Berry Jonathan W, Hendrickson Bruce, LaViolette Randall A, Phillips Cynthia A
Sandia National Laboratories, P.O. Box 5800, Albuquerque, New Mexico 87185, USA.
Phys Rev E Stat Nonlin Soft Matter Phys. 2011 May;83(5 Pt 2):056119. doi: 10.1103/PhysRevE.83.056119. Epub 2011 May 25.

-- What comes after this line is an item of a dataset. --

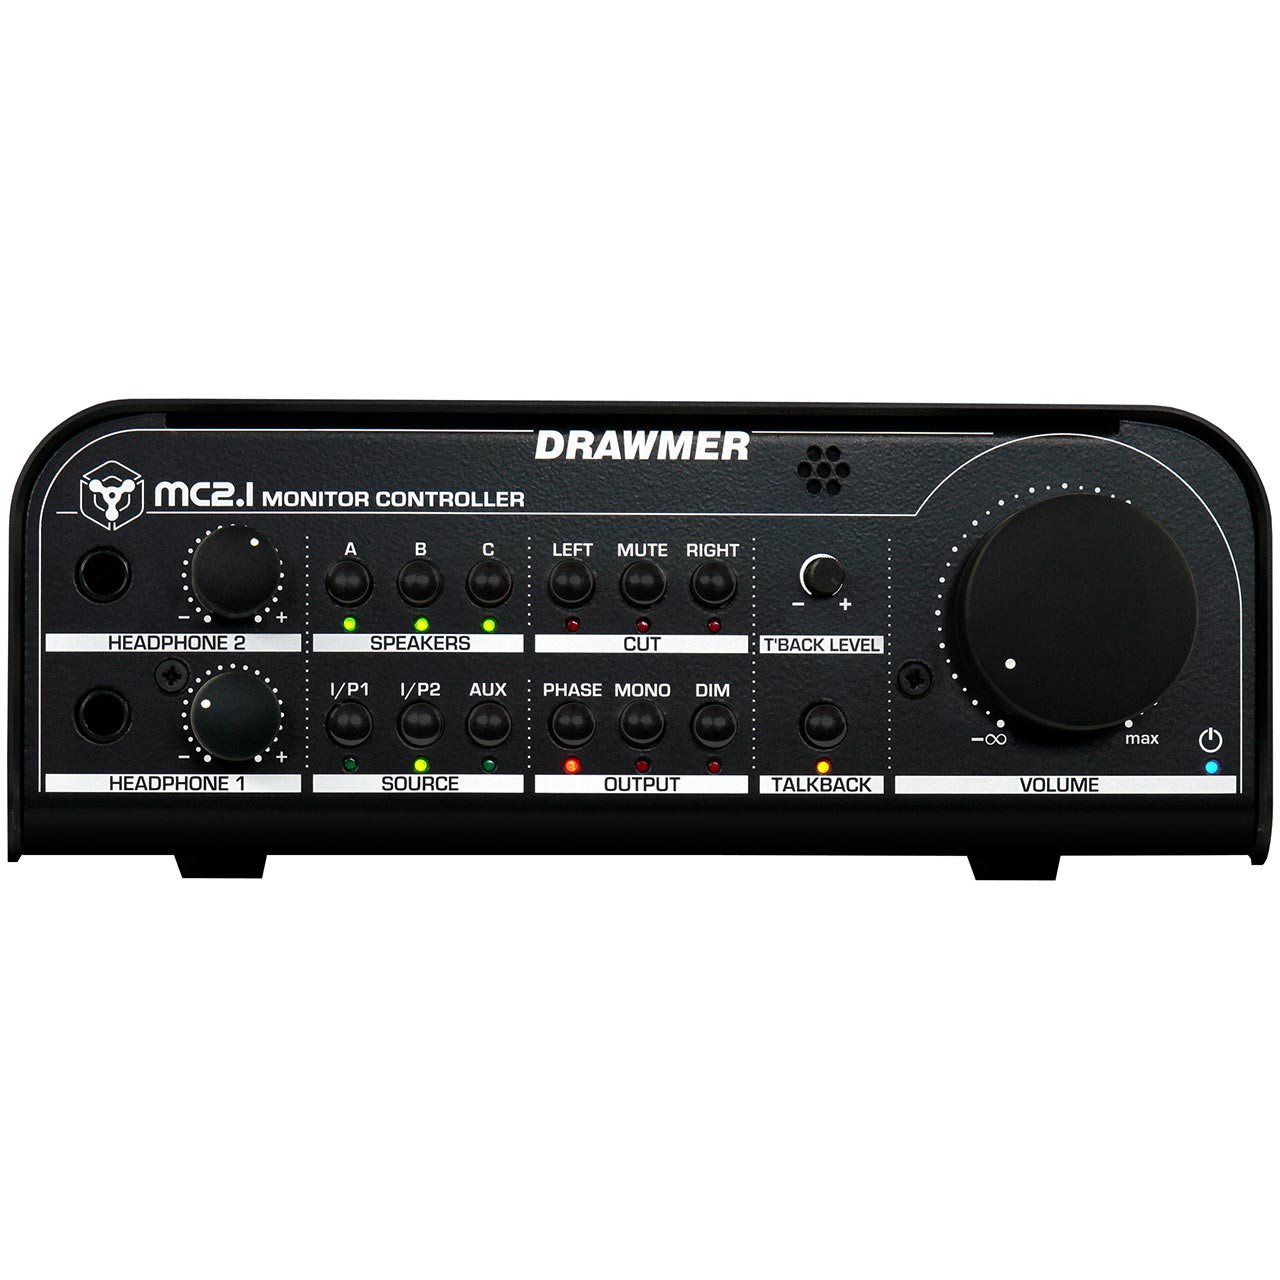 Monitor Controllers - Drawmer MC2.1 Monitor Controller

Communities of vertices within a giant network such as the World Wide Web are likely to be vastly smaller than the network itself. However, Fortunato and Barthélemy have proved that modularity maximization algorithms for community detection may fail to resolve communities with fewer than √L/2 edges, where L is the number of edges in the entire network. This resolution limit leads modularity maximization algorithms to have notoriously poor accuracy on many real networks. Fortunato and Barthélemy's argument can be extended to networks with weighted edges as well, and we derive this corollary argument. We conclude that weighted modularity algorithms may fail to resolve communities with less than √Wε/2 total edge weight, where W is the total edge weight in the network and ε is the maximum weight of an intercommunity edge. If ε is small, then small communities can be resolved. Given a weighted or unweighted network, we describe how to derive new edge weights in order to achieve a low ε, we modify the Clauset, Newman, and Moore (CNM) community detection algorithm to maximize weighted modularity, and we show that the resulting algorithm has greatly improved accuracy. In experiments with an emerging community standard benchmark, we find that our simple CNM variant is competitive with the most accurate community detection methods yet proposed.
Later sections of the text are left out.